Accordingly, changes in the ambient light intensity can be monitored by the detection of a resistance change in photo-resistor 10. It is a specific feature of the present invention, however, to provide an ambient light variation detector, which produces an output control signal in response to an abrupt change in light level, yet which is non-responsive to absolute light levels of gradual changes in light levels. Accordingly, detector 11 provides an output control signal of a first state so long as there is a steady ambient light intensity illuminating photo-resistor 10 or so long as the rate of change of light intensity is below a required threshold level. When the light intensity illuminating photo-resistor 10 changes at a rate in excess of the required threshold level, the corresponding change in resistance of photo-resistor 10 triggers the detector 11 to produce an output control signal of a second state.
It is further a specific feature of the detector 11 to provide an output control signal of the second state for a predetermined control time period. During this control period the detector 11 is non-responsive to either the absolute level of light or to any change in the level of light, either gradual or abrupt. At the end of the predetermined control period, the detector output control signal is switched back to the first level and the detector 11 is again in a condition to respond to further abrupt variations in the light level.
The specific circuit embodiment of FIG. 1 is specifically designed to monitor and detect ambient light intensity reductions. However, the principle illustrated herein for sensing variations in ambient light intensity is equally applicable for sensing ambient light intensity increases. Accordingly, photo-resistor 10 is exposed to ambient light. Solely for purposes of illustration, a typical waveform of ambient light intensity is represented in FIG. 2 as increasing from zero to some peak level at time t 2 . An increase in light intensity will cause photo-resistor 10 to decrease in resistance. Photo-resistor 10 in conjunction with resistors 20, 26, 27 and 28 forms a voltage divider across the voltage source V A . As the light intensity increases, thereby decreasing the resistance of photo-resistor 10, the current in such voltage divider increases. Such current increase in the divider increases the voltage across resistor 20. Capacitor 24 charges through diode 22 and follows the voltage increase across resistor 20. FIG. 2 illustrates the voltage developed across capacitor 24, V 24 , as a result of the change in light intensity. Voltage across capacitor 24 increases to some peak level of, for example, 20 volts at some finite time after t 2 .
As previously noted, charging current for capacitor 24 is supplied by way of resistor 21 and diode 22. The voltage across resistor 21 is limited during rapid charging of capacitor 24 by the forward voltage drop of diode 22. FIG. 2 illustrates the voltage across resistor 21, V 21 , as increasing to a maximum value of, for example, +0.5 volts (the forward voltage drop across diode 22).
During the time interval t 1 - t 2 , the rate of change of light intensity begins to decrease, thereby causing an appropriate decrease in voltage across resistor 20. During this period the charging current through resistor 21 no longer produces sufficient voltage to cause diode 22 to conduct and the voltage across resistor 21 begins to decrease from the +0.5 volt maximum level.

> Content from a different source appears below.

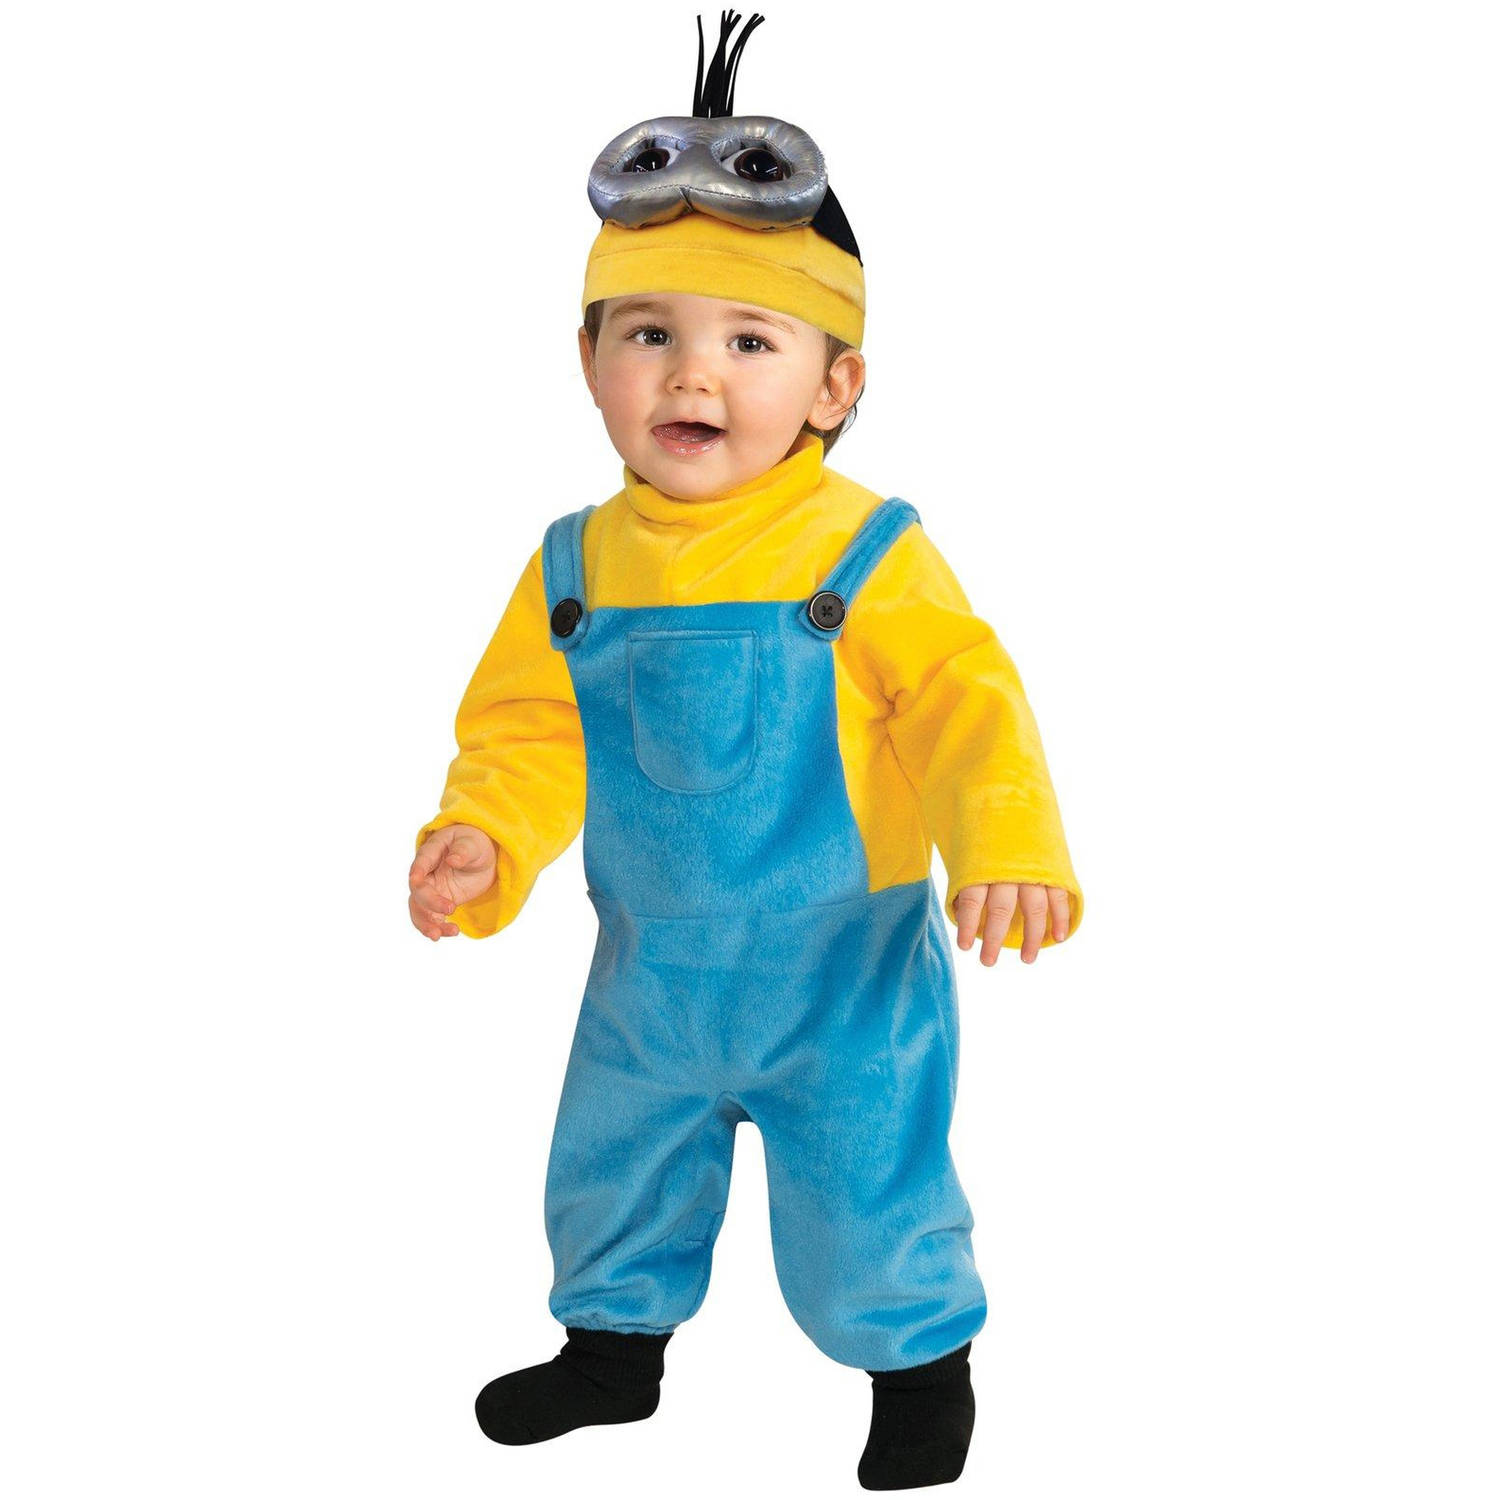 Minion Kevin Toddler Halloween Costume - image 1 of 2

During the time interval t 2 - t 3 , light intensity decreases, thereby further decreasing the voltage across resistor 20. Capacitor 24 discharges through resistor 21. Prior to time t 3 , the discharge voltage developed across resistor 21 is insufficient to cause transistor 17 to be biased into conduction.
During the time interval t 3 - t 4 , the light intensity decreases at a much more rapid rate and produces a voltage variation across resistor 20 of, for example, 1 volt per second. As a result thereof the discharge voltage across resistor 21 increases until it reaches the inherent emitter base potential (0.6 volts) of transistor 23, at which time transistor 23 is biased into conduction and provides an additional discharge path through resistor 25 for the discharge of capacitor 24.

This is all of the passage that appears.